Егор твердо знал, что показываться перед людьми, едущими в богатой карете, ни в коем случае нельзя, и отодвинулся еще глубже в кусты. Но когда несущийся с шумом экипаж поравнялся с ним, какая-то непреодолимая сила заставила его быстро выскочить на дорогу и схватиться за волочившиеся сбоку вожжи. Егора так сильно дернуло, что он, сделав несколько шагов, упал и, не отпуская вожжей, потащился волоком. Лошади, пробежав еще немного, остановились. Из кареты выскочил высокий, большеногий и сутуловатый человек в расстегнутом камзоле. Из-под съехавшего набок парика виднелись короткие ярко-рыжие волосы. Он подбежал к Егору, который не знал, что ему делать — стоять ли на месте или немедля бежать в зеленые заросли, и обнял парня длинными руками.

— Майн готт! Ты спасаль наша жизнь! Ду бист — ты ест… как это… молодец!

Людвиг Францевич Кеммерер год назад приехал в Россию из Померании. По протекции старшего брата, обер-берг аптекаря Августа Кеммерера, Людвиг Францевич устроился в департаменте уделов министерства императорского двора, ведавшем землями царской фамилии. Не блиставший у себя на родине умом и способностями, Людвиг Кеммерер был принят здесь как большой специалист по горному промыслу. Сейчас он сопровождал вице-президента департамента уделов Льва Александровича Перовского.

— Господин Лев Александрович, — обратился Кеммерер по-немецки к пассажиру, сидевшему в глубине кареты, — взгляните-ка на нашего спасителя. Какой богатырь!

В открытой дверце показалось бесстрастное холеное лицо Перовского. На нем была надета модная голубая шляпа.

— Будет вам, Людвиг Францевич. Дайте ему на чай да поедемте побыстрее.

Немец достал из кармана замшевый кошелек, высыпал на ладонь несколько монет и, выбрав из них одну, подал оторопевшему Егору.

Ямщик в это время успел подойти к карете. Немец быстро подскочил к нему сзади, выхватил кнут и несколько раз стегнул по чему попало. Ямщик даже не пытался закрыться от ударов, только наклонил набок обросшую черными волосами голову.

— Перестаньте, барин, до греха доведете, — глухо прохрипел возница и так сверкнул цыганскими глазами, что немец сразу съежился, пробормотал какое-то ругательство и полез в карету.

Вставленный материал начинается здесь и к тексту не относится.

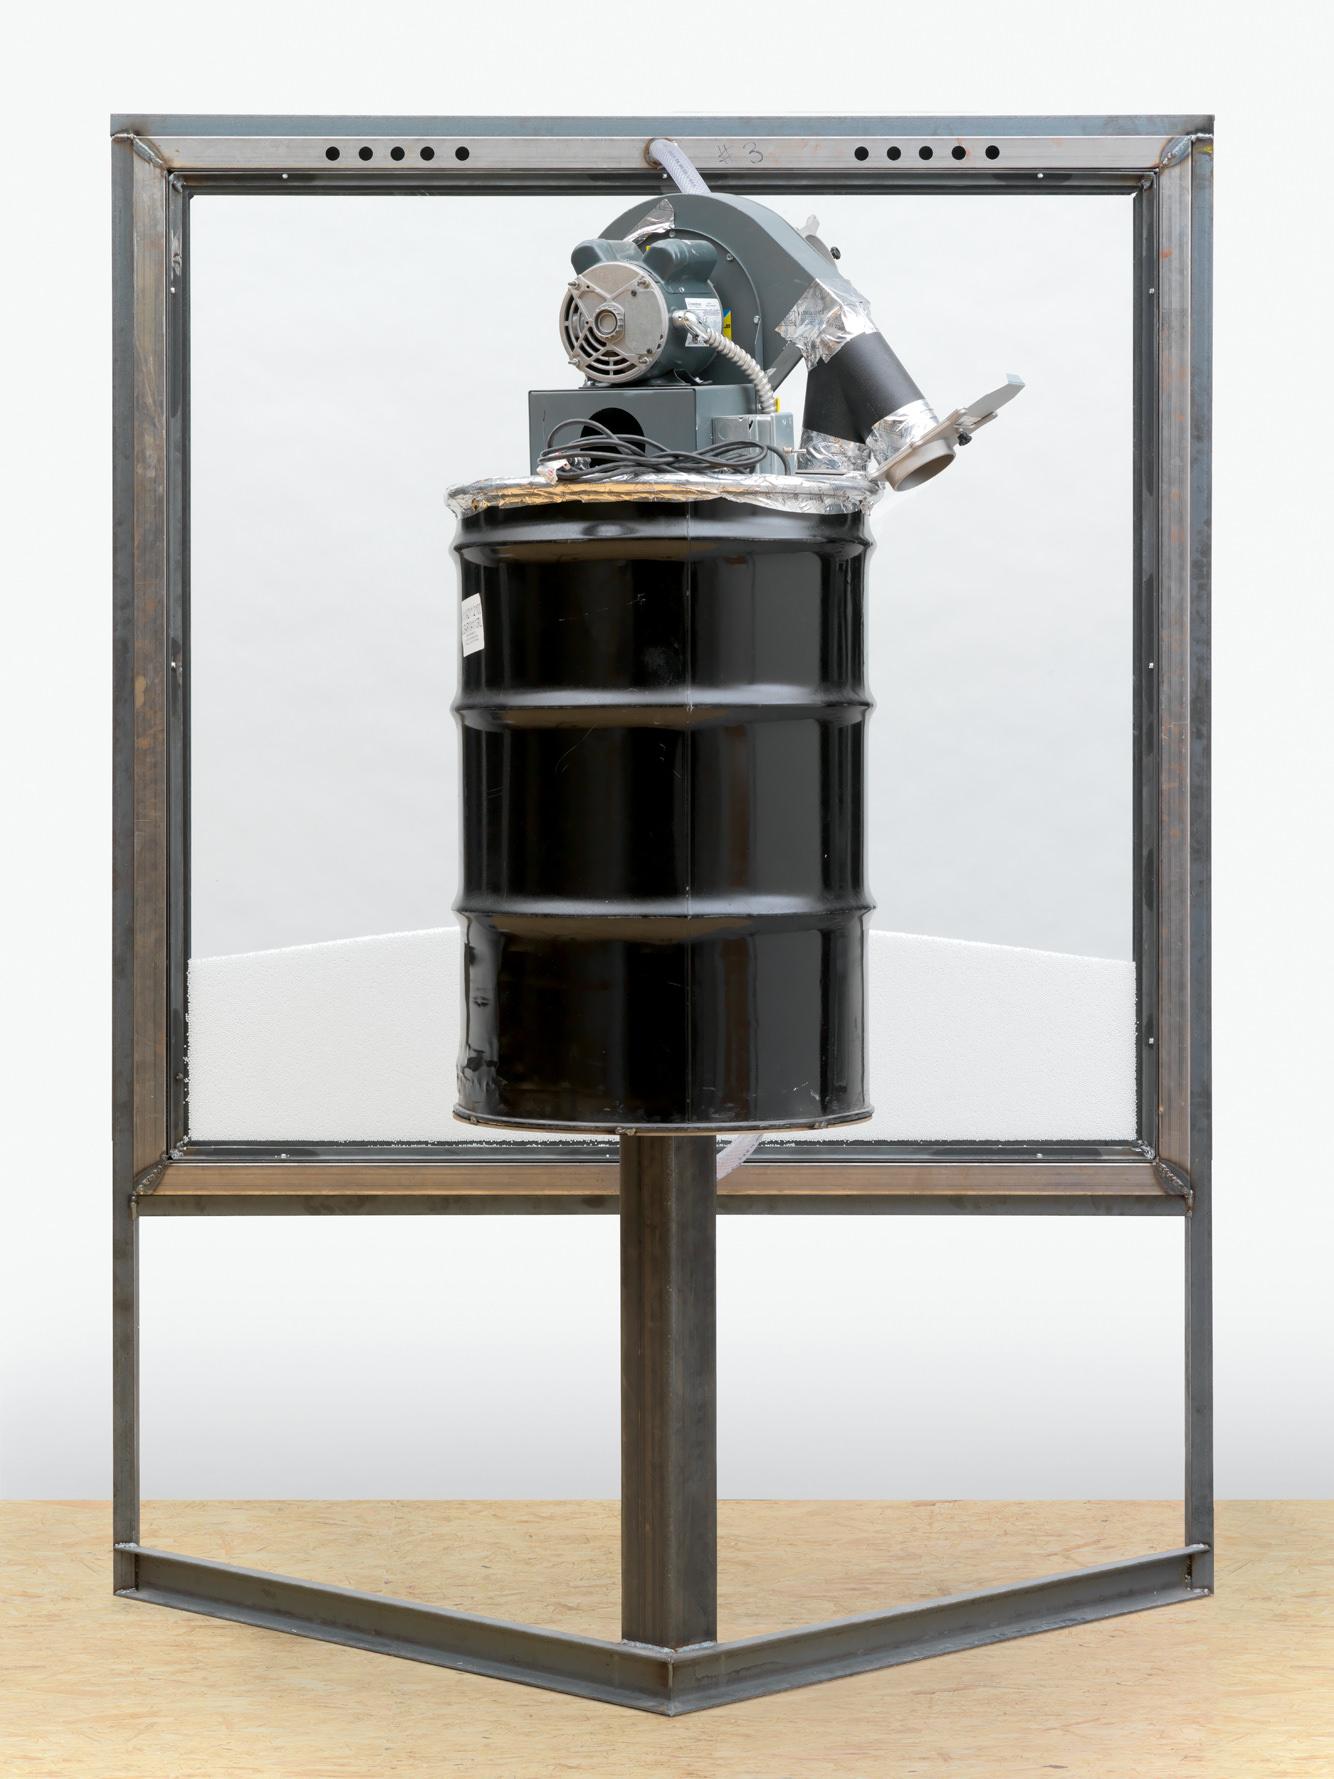 Courtesy Oscar Tuazon et Galerie Eva Presenhuber, Zurich/Photo: Stefan Altenburger Photography, Zurich Windowpane(2013), acier, acrylique, composants électriques, tambour, polystyrène et verre, 232 x 172,5 x 119 cm.

Экипаж тронулся, а Егор все еще оторопело стоял посреди дороги. Он дождался, когда карета скрылась за кустами, повернулся и медленно пошел в гору.

Перовский ехал в Пермь по служебным делам. Без особой охоты покинул он привычную столичную жизнь. Одно подбадривало — эта нелегкая поездка сулила большую личную выгоду. В Пермской губернии имелось много царских земель. В частных именьях уже давно и с немалой прибылью добывали медную и железную руду, выплавляли из нее металл. В последнее время руду обнаружили и на землях департамента уделов. Министром двора и непосредственным начальником Перовского был князь Волконский, под командованием которого Перовский служил еще во время Отечественной войны 1812 года. Волконский покровительствовал бывшему однополчанину, поэтому Перовскому не стоило больших трудов получить его согласие на постройку в Пермской губернии медеплавильных заводов. Прежде всего нужно было создать Пермскую удельную контору. До сих пор здесь имелось только Пермское отделение, подчиненное Вятской удельной конторе. Для руководства постройкой заводов был нужен опытный в этих делах человек. У Перовского имелся в Екатеринбурге знакомый — крупный заводчик Яковлев (потомок известного откупщика Саввы Собакина). Перовский просил его подыскать надежного, знающего и способного человека. В одном из последних писем Яковлев сообщал:

«Для поручения устройства в дачах Пермского удельного имения заводов я имею в виду одного чиновника и именно господина обергиттенфервальтера[1] Александра Петровича Волкова, находящегося в ведомстве Пермского горного управления, человека, сколько сам могу я понимать, с достаточными сведениями для дела того и производства меди по самой практике… По предварительному объяснению моему с ним, то есть с Волковым, как находящимся ныне в Екатеринбурге, за счастье бы поставил служить под начальством вашего превосходительства; о чем и не угодно ли будет открыть ему ваши предположения…»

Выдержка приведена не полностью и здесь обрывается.